We thank the reviewer for the constructive question and will include these discussions in our updated manuscript.

Limitations

L1. Potential challenges in diverse and real-world streaming cases

A: Thank you for your suggestion. Handling diverse and real-world videos presents several challenges.

One common scenario involves interrupted actions, where a subject abruptly switches to a different action, leaving the ongoing action unfinished. These interruptions can be challenging for the model to handle effectively.

Additionally, the extended length of the video poses another challenge. Streaming videos can be infinitely long, so effectively managing and preserving long-form history within a fixed memory budget becomes a critical issue.

2024-08-13

Thank you very much for your detailed rebuttal! I am convinced with your responses and happy to change my rating after discussions.
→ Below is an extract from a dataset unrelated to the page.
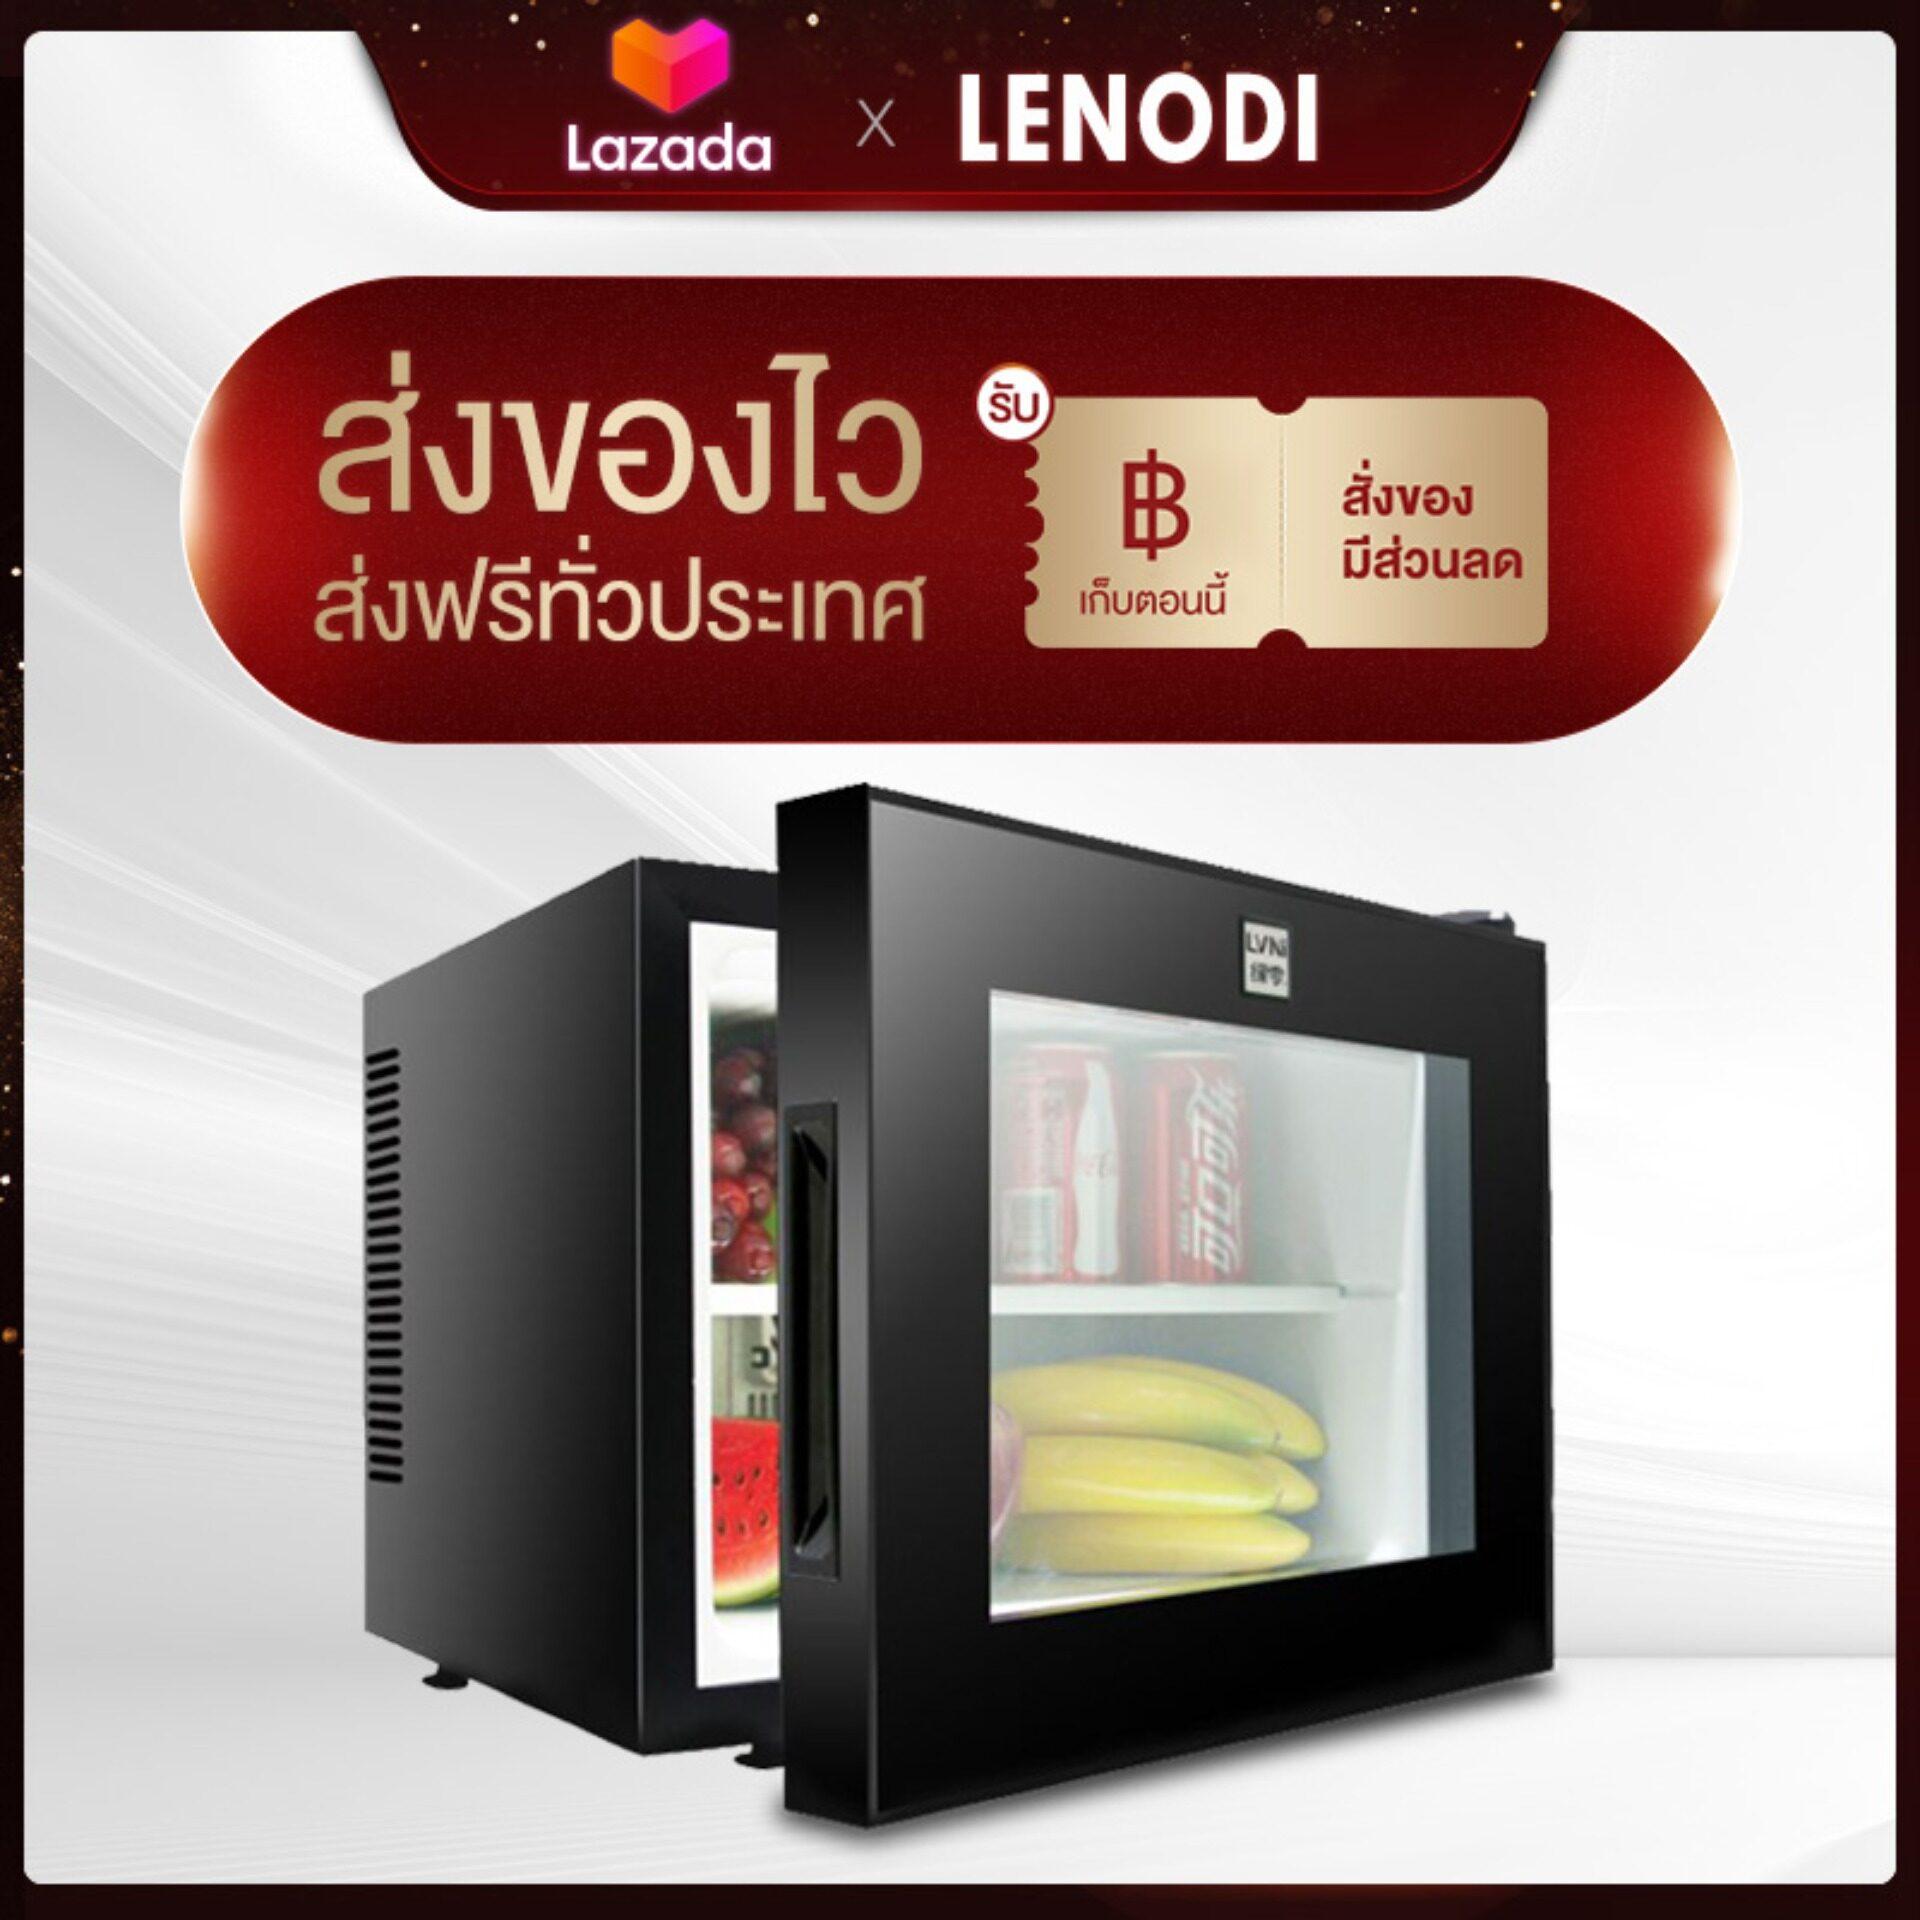 ตู้เย็นมินิ ตู้เย็นขนาดเล็ก ตู้เย็นมินิบาร์ สามารถใช้ได้ในบ้าน หอพัก ที่ทำงาน ขนาด 20 ลิตร 30 ลิตร 46 ลิตร 71 ลิตรและน้องใหม่ 66 ลิตร Lenodi.

评论- Thanks for the comment

2024-08-13

Dear reviewer itXK

Thank you for taking the time to thoroughly review our rebuttal. We greatly appreciate your constructive feedback and are pleased that our responses have addressed your concerns.

作者回复

2024-08-07

We thank all reviwers for their constructive comments and address each of their concerns in separate rebuttals. The attched global rebuttal file contains

1 figure (Fig. RA) in response to Reviewer xPL1's W5 regarding the segment-accuracy tradeoff in post-processing.
1 table (Table RA) in response to Reviwer itXK's Q1 regarding switching the backbone (ASFormer) for online TAS.

最终决定Accept (poster)

2024-09-25

The paper received 3 borderline rejects during the initial review period. While the reviewers appreciated the problem setup and the clarity of presentation, concerns were raised about the novelty, limited error analysis, computational overhead for truly online segmentation, the heavy reliance on post-processing for reducing over-segmentation, and the performance gap between offline and online models. The author's rebuttal provided a response that addresses many of the concerns. While some concerns exist, the strengths outweigh the weaknesses, and I recommend acceptance since the proposed model will serve as a convincing baseline for online TAS. The authors are encouraged to include the details from the rebuttal in their final version.